3. Authorization Code Flow:
A common and secure way OAuth 2.0 works. The user first gives permission on the social provider's site, which then gives our app a temporary "code." Our backend exchanges this code for an "access token" (a secret key) to get user data.
Receiving the Request and Initial Validation:
# File: backend/accounts/views.py
# ... (imports) ...
from .providers import PROVIDERS # A dictionary of our social provider handlers
class SocialAuthView(APIView):
permission_classes = [AllowAny]
@transaction.atomic # Ensures all database changes happen together or not at all
def post(self, request, provider):
if provider not in PROVIDERS:
return Response({"detail": "Unsupported provider"}, status=400)
# Use a serializer to validate the incoming data (code, access_token, etc.)
serializer = SocialAuthSerializer(data={**request.data, 'provider': provider})
serializer.is_valid(raise_exception=True)
data = serializer.validated_data
# Extract relevant info from the validated data
code = data.get('code')
# ... other tokens like access_token, id_token, code_verifier
# ... (further logic to follow) ...
Exchanging the Authorization Code for Provider Tokens:
# File: backend/accounts/views.py (inside SocialAuthView.post)

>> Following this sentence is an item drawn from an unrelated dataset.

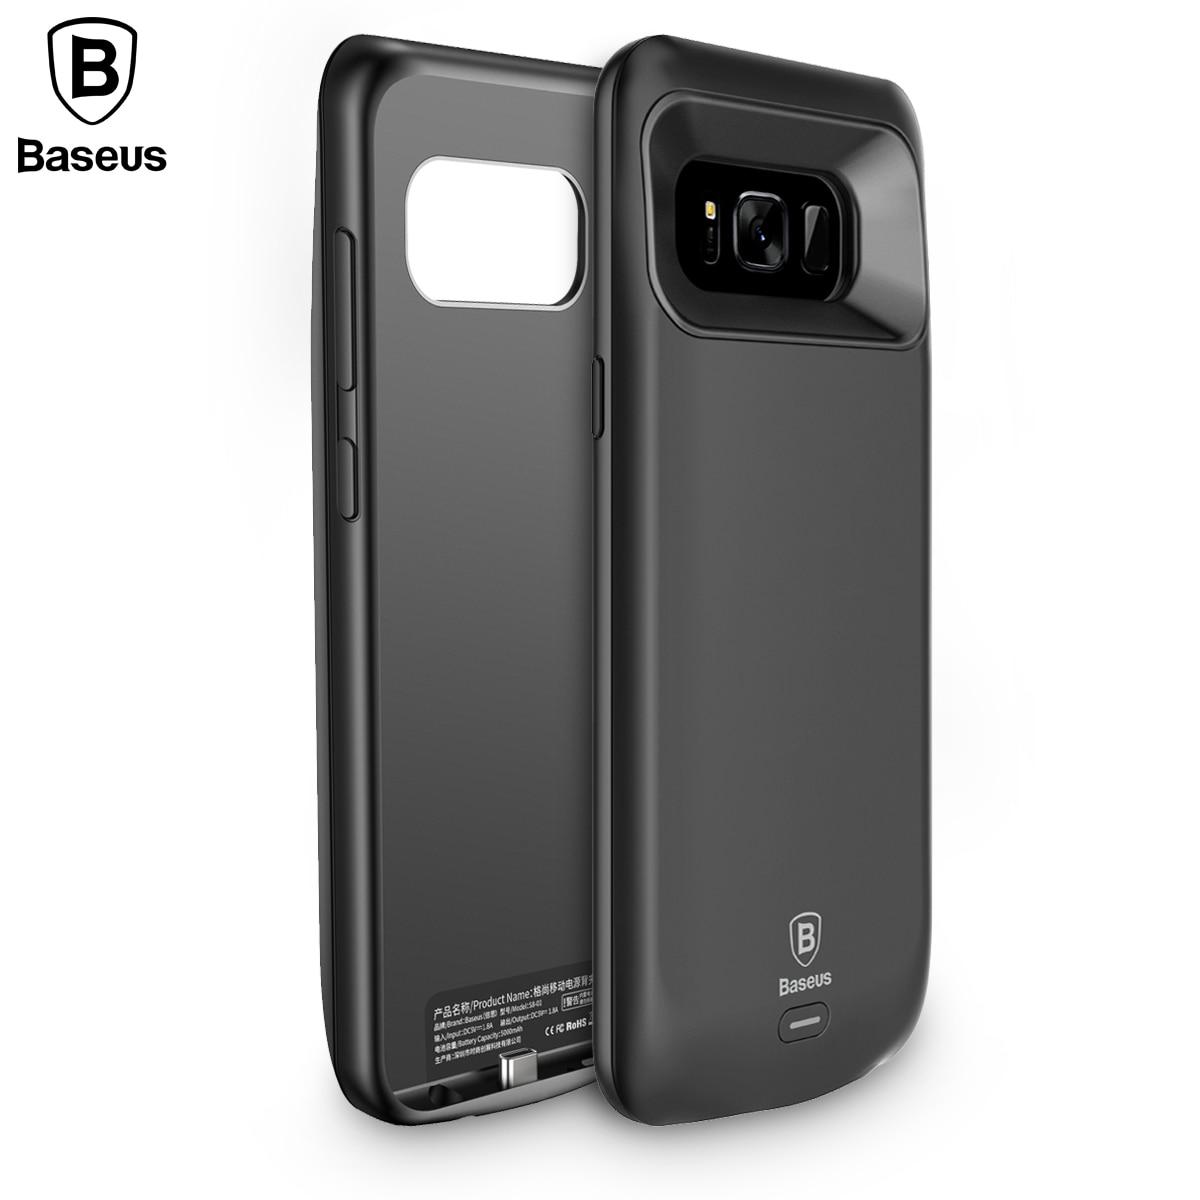 bilder für Baseus Ladegerät Fall Für Samsung Galaxy S8 Plus 5000 mAh/5500 mAh Externe Unterstützungsbatterie Energienbank Lade abdeckung Fall

Provider = PROVIDERS[provider] # Get the specific provider handler (e.g., GoogleProvider)
# If a 'code' was provided (typical for the secure OAuth flow)
if code and not access_token: # 'access_token' might be directly provided for some flows
try:
# Specific logic for Google to exchange the code
if provider == 'google':
payload = {
'code': code,
'client_id': settings.GOOGLE_CLIENT_ID,
'client_secret': settings.GOOGLE_CLIENT_SECRET,
'redirect_uri': settings.OAUTH_REDIRECT_URI,
'grant_type': 'authorization_code',
# 'code_verifier' for PKCE flow (Chapter 5)
}
r = requests.post('https://oauth2.googleapis.com/token', data=payload)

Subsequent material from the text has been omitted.